Common Expat Tax Questions & Answers - International Reporting (Golding & Golding)

Expat Tax Questions & Answers – IRS International Reporting Guide by Golding & Golding

We are providing you with “Expat Tax Questions & Answers – IRS International Reporting Guide,” prepared by the International Tax Lawyers at Golding & Golding.

As a U.S. Expat, there are very important tax laws that you must be aware of in order to ensure you remain in compliance with IRS filing and reporting requirements.

To the surprise of many Expats, they may have U.S. reporting and tax requirements that they never could have imagined — especially considering they no longer reside within the United States.

The biggest area of concern for expats and taxes are the penalties a U.S. Expat may be subject to it he or she fails to properly file and submit the necessary U.S. Tax Forms with the Internal Revenue Service, Department of Treasury, or other Government Agency — depending on the facts and circumstances of their situation.

Golding & Golding, APLC

We represent hundreds of new international clients each year – and speak with several thousands of clients in over 50 countries. Many of these individuals are Expats who have the same questions, fears, and concerns regarding the current state of the law, and how Citizen-Based Taxation impacts their ability to comfortably build and thrive outside of the US borders.

These 10 questions are not necessarily the most important questions, but they are the questions we receive most often from our Expat clients.

*When it comes to getting into compliance, our tax law firm focuses exclusively on IRS Offshore Disclosure. We do not provide tax planning services or assist you in preparing for compliance; we are the law firm (one of the only law firms worldwide exclusively practicing in this niche) you call once you realize you are already out of compliance, and facing some serious penalties.

By understanding the 10 following topics, it may better prepare you to avoid any future fine or penalty for noncompliance – but we always recommend that you speak with an experienced international tax planning firm before making any cross-border relocation.

Am I Still Subject to U.S. Tax?

Yes, because United States practices Citizen-Based Taxation.  That means, that no matter where in the world you reside, you are still subject to US tax (unless you are a non-U.S. person without certain types of U.S. Sourced Income). To clarify, individuals who are subject to US tax include: U.S. Citizens, Legal Permanent Residents, certain temporary Visa Holders who pass the Substantial Presence Test (H-1B, L-1, E-2), and Long-Term Residents who did not properly file a form 8854 and renounce or relinquish their citizenship/residency.

There are many myths and folklore involving U.S. Tax Law and Expat Rules, such as once you live outside of the United States for 25 years, you are no longer subject to US tax – but that is not true. If you fall into one of the aforementioned categories of individuals, then you need to file a US tax return each year and report your worldwide Income.

Even though you must report this income, depending on the type and category of foreign income you are earning, you may qualify for the Foreign Earned Income Exclusion or the Foreign Tax Credit. In some circumstances, you can combine them both to reduce taxes — such as highly compensated earners (not just employees).

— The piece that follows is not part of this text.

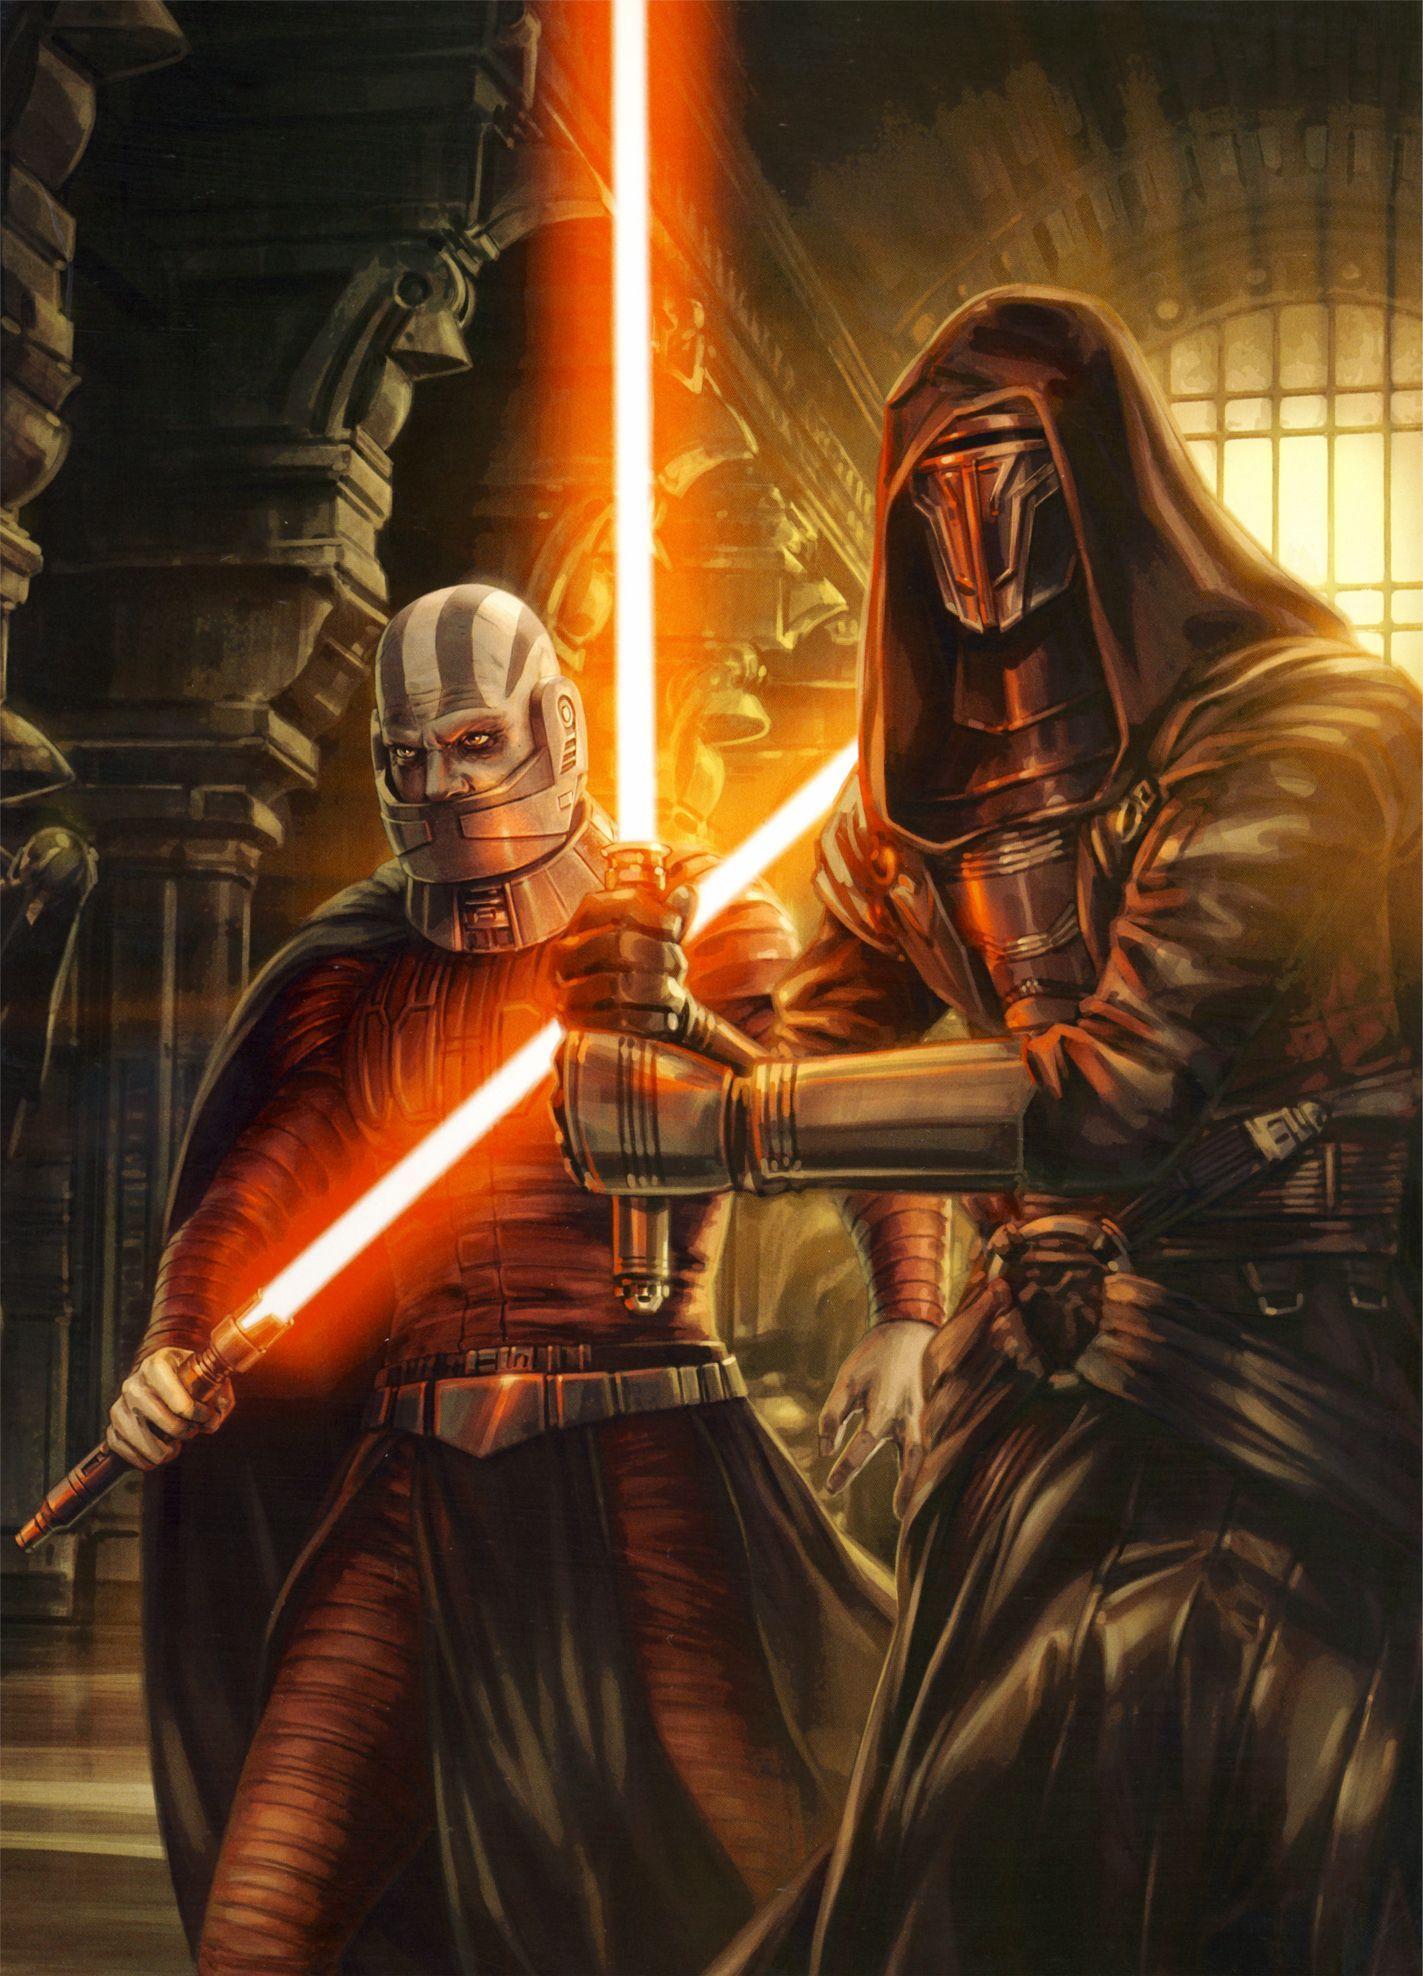 Star Wars Revan Wallpapers Top Free Star Wars Revan Backgrounds Wallpaperaccess

Do I have to Include Offshore Tax-Free Income?

Yes. But, it should be noted that the United States has entered into tax treaties with many different countries. Therefore, even though the money is “taxable,” you may still receive an exclusion for the income.

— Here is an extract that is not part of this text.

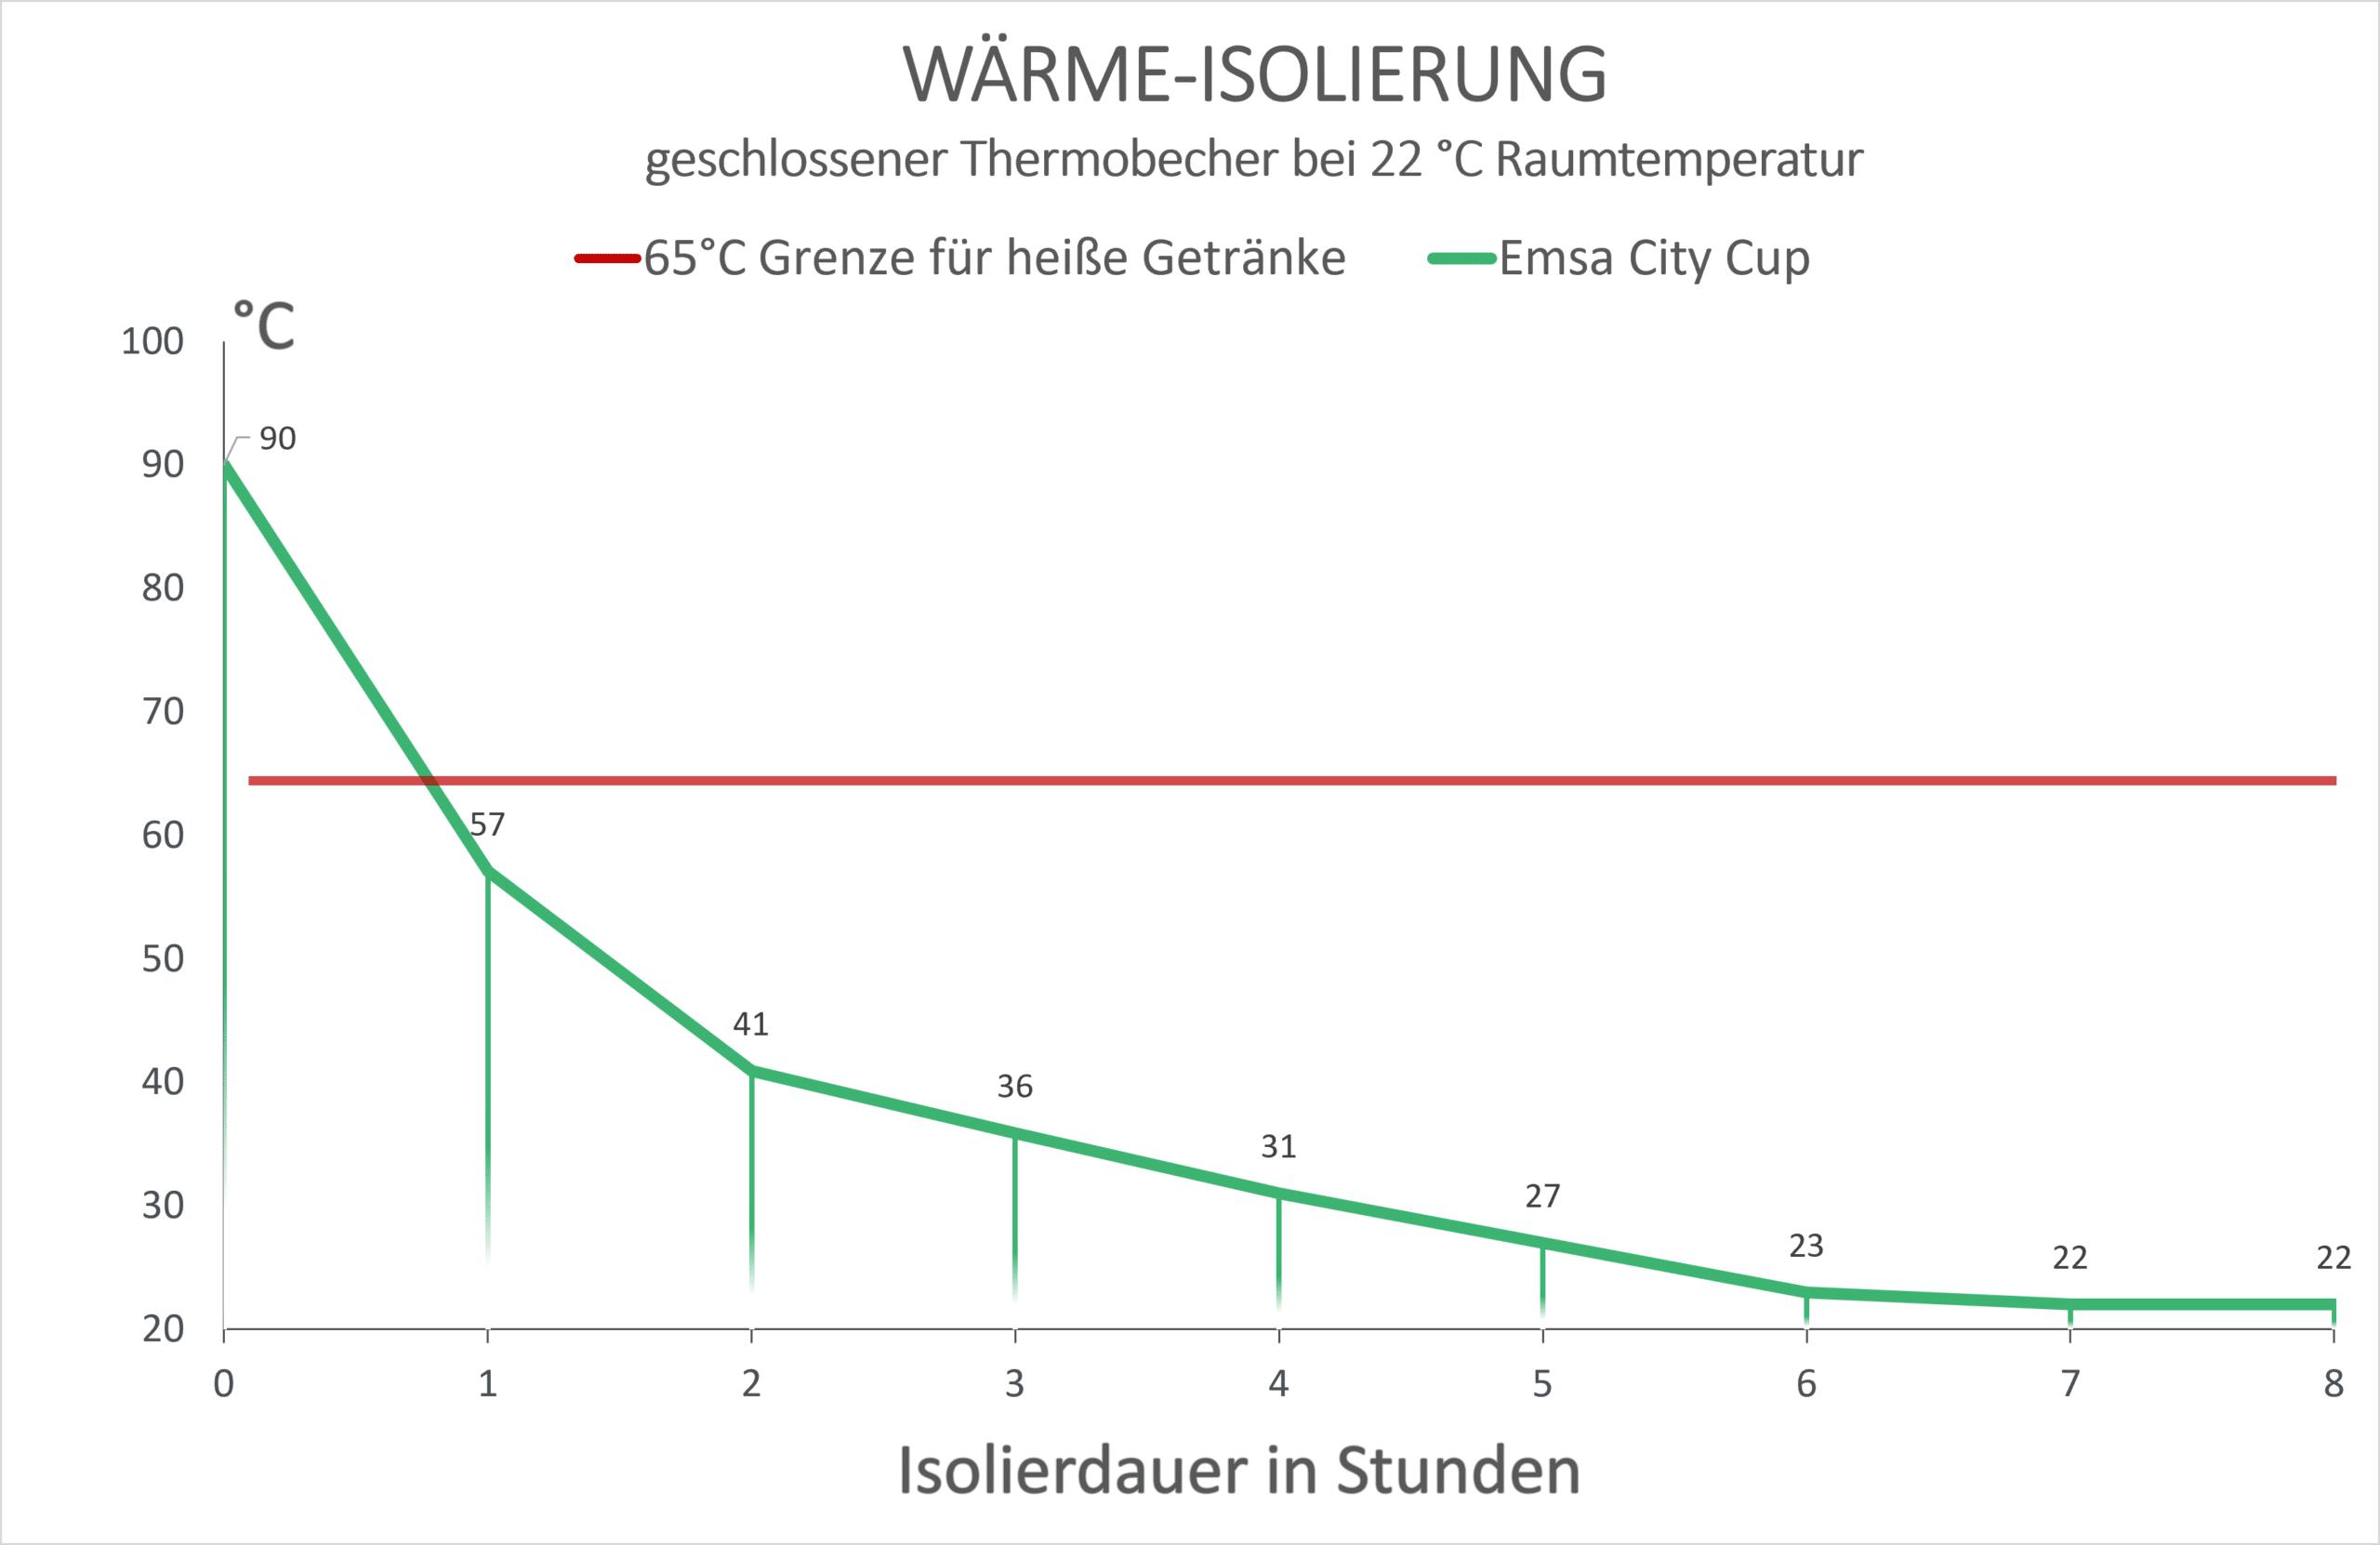 Emsa City Cup Wärme-Isolierung Diagramm

The U.S. Taxes everything. For example, if you live in Hong Kong and earn bank interest income, then you have to report the income. If you live in India and your PPF is earning (but not distributing) interest, capital gains, or dividends, that must be included as well.

Likewise, if you have a savings account in Ireland that is tax-free by the government, or you are earning rental income in South Africa that is below the threshold requirement for having to report it in South Africa, it does not mean it will be excluded from your U.S. Tax Return.

In other words, all foreign income is potentially taxable.  The idea of CBT (Citizen Based Taxation) and Worldwide Income Tax go hand-in-hand, and means that the U.S. taxes individuals on income they earn anywhere in the world (aka Worldwide Income). As a result, just because you are temporarily or permanently residing abroad, does not mean you should stop reporting worldwide income. This is especially true if you recently moved abroad and believe you will never return to the United States.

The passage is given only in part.